WORK REQUEST: For the listing below, give the count of lines containing "with", and no other text.
======== ENTRIES SUPPLIED ========
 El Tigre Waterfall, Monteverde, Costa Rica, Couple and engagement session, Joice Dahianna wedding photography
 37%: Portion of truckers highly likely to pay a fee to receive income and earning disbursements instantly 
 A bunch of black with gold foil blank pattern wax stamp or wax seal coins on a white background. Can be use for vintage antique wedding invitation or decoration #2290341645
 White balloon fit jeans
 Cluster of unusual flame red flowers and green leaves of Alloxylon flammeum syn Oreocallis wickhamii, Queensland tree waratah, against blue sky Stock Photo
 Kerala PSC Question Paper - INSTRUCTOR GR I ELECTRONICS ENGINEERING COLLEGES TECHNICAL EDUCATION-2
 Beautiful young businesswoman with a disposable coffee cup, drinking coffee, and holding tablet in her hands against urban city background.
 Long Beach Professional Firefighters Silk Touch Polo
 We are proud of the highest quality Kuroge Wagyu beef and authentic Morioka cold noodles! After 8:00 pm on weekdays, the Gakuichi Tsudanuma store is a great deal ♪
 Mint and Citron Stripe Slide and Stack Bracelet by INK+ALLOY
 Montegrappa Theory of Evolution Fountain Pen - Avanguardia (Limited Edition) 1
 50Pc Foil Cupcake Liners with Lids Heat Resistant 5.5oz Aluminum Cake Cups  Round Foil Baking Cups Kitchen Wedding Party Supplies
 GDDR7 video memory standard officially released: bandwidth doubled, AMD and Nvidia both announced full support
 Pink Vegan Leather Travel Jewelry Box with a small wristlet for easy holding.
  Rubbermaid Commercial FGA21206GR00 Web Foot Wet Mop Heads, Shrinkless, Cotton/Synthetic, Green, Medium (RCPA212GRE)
========
ANSWER BOX: 4